Сергей Самодов: «Директор должен говорить с творцами на одном языке»

– Это была ваша инициатива заявить театр на конкурс?

– Нет, голосуют и заявки направляют непосредственно зрители, а дальше уже оргкомитет их отбирает по количеству голосов. Единственное, что мы сделали в этот раз, – дали информацию людям, что есть такая премия, что сам театр не может туда заявляться, но если им интересно то, чем мы занимаемся, и они бы хотели, чтобы их мнение учитывалось, то можно принимать участие.

– В чем цель участия в этом конкурсе?

– Как любой конкурс, премия – это признание, мотивация. Мы понимаем, что не зря занимаемся своей работой, трудимся.

– Насколько важно это для регионального театра?

– Нужно всеми силами показывать, что являешься частью одной театральной экосистемы. У нас более шестисот театров по России, не включая независимые. Если взять в расчет еще их, то, может быть, театров будет уже около тысячи. Среди всех этих театров нужно заявлять о себе. А как заявлять? Не только гастролями и крупными проектами. Это помогают делать фестивали, премии, форумы.

– В этом году исполнилось пять лет с тех пор, как вы стали директором Архангельского театра драмы. Какие цели вы для себя ставили в начале работы?

– Самая главная цель – устойчивое финансовое состояние театра, потому что он был в долгах как в шелках. На любой шаг, на любую инициативу развития театра всегда был ответ: «У нас нет денег – мы в долгах». Вторая задача была сделать наш театр одним из ведущих региональных театров страны. А это значит постоянное участие в фестивалях, лонг-листы, премии, приезд к нам критиков и продюсеров для обмена опытом. То есть создание культурного яблочного пирога, точки кипения в творческом смысле слова. Вроде как удалось все, а остальное – такие мелочи.
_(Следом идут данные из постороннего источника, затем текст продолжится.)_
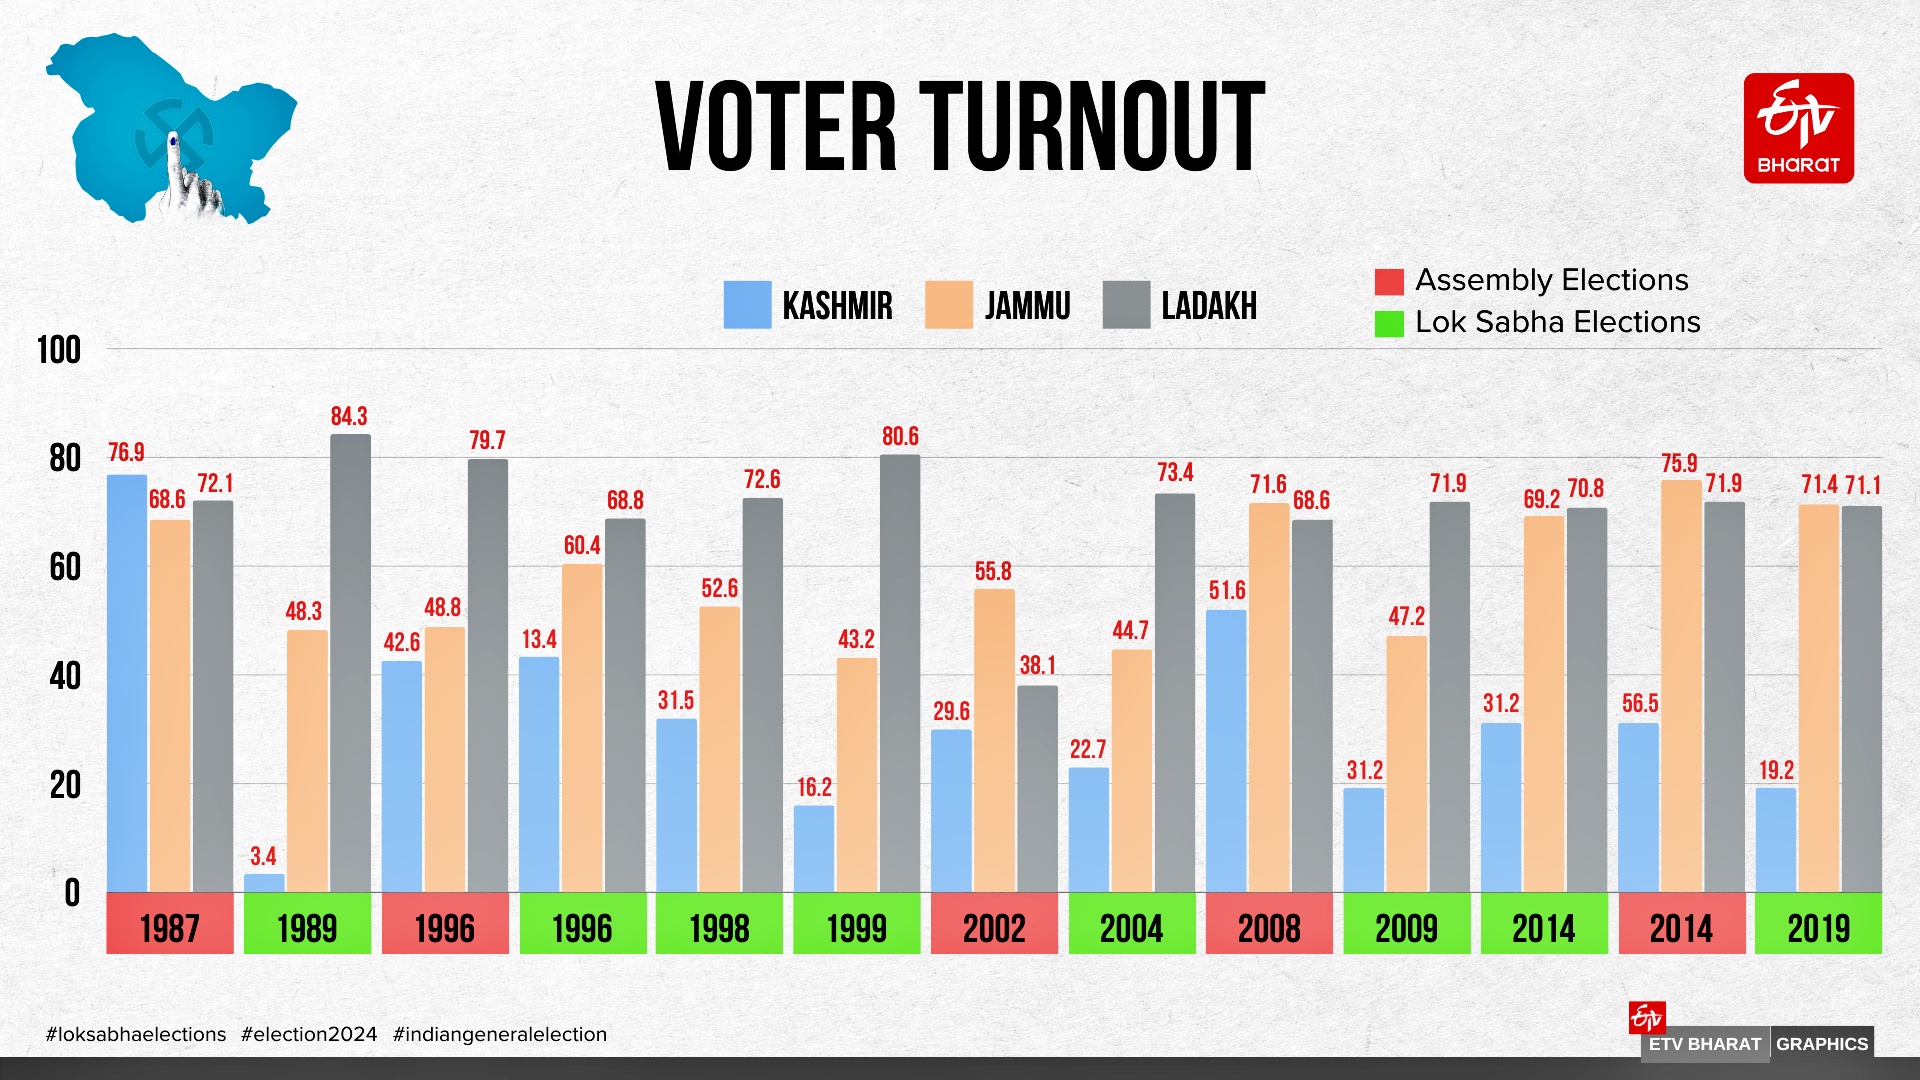 وادی کا بدلتا ہوا ووٹنگ پیٹرن: باقی بھارت کی طرح کشمیر میں بھی ووٹنگ ہوئی، جانیں کیسے؟

– Как вы принимаете решение, какие спектакли хотели бы привезти в Архангельск?

– Во-первых, если я понимаю, что спектакль хороший. Сложно иногда многое называть театром, спектаклем. Это скорее некое художественное высказывание. Я коллегам говорю, что мы пока, наверное, не нашли тот понятийный аппарат, многое не можем еще назвать и все время называем это новой формой театра. Но необязательно называть все новой формой театра, для того чтобы показать, что это хорошо. Это может быть талантливым и ценностным художественным высказыванием, не будучи формой театра. Могут быть какие-то театральные принципы приняты, использованы, но это уже не театр – это что-то другое.

Для театра, как говорил Аристотель, нужно, чтобы один человек играл роль другого и чтобы кто-то это видел. Вот и вся суть театра. Другое дело, что здесь больше перформанса, художественного воплощения. Где музей, где экспозиция, где перформанс, где художественное произведение, где театр. Это скорее всего смесь.

Нам, наверное, нужно говорить о новом понятийном аппарате, иначе мы просто каждый год будем говорить о новой форме театра, которая якобы убивает старую форму, хотя на самом деле это все обогащение. Такое обогащение приемов пошло еще со времен Чехова, когда театр изменился. Был театр Щепкина, потом театр Станиславского, потом были Мейерхольд, Вахтангов, Таиров, а там еще и дадаисты пришли, и футуристы, и все прочее. Это все театр, и каждая форма театра норовит сказать, что она такая прогрессивная, что сейчас убьет все старое и на этой форме взрастет, а на самом деле оно обогащает. И  более того, становится гумусом для следующей формы.

Наверное, я могу сказать, что за пять лет знаю зрителя, который у нас есть. Знаю, чего он хочет и что уже способен понять. Зритель ведь тоже развивается, умнеет, мы ему помогаем, мы идем вместе с ним. Я понимаю, что зритель уже готов воспринять вот такую форму. И опять-таки чем больше зритель воспринимает различных форм, тем он становится опытнее, тем нам проще с ним потом в дальнейшем взаимодействовать, не идя на какие-то компромиссы, а занимаясь чисто актом искусства.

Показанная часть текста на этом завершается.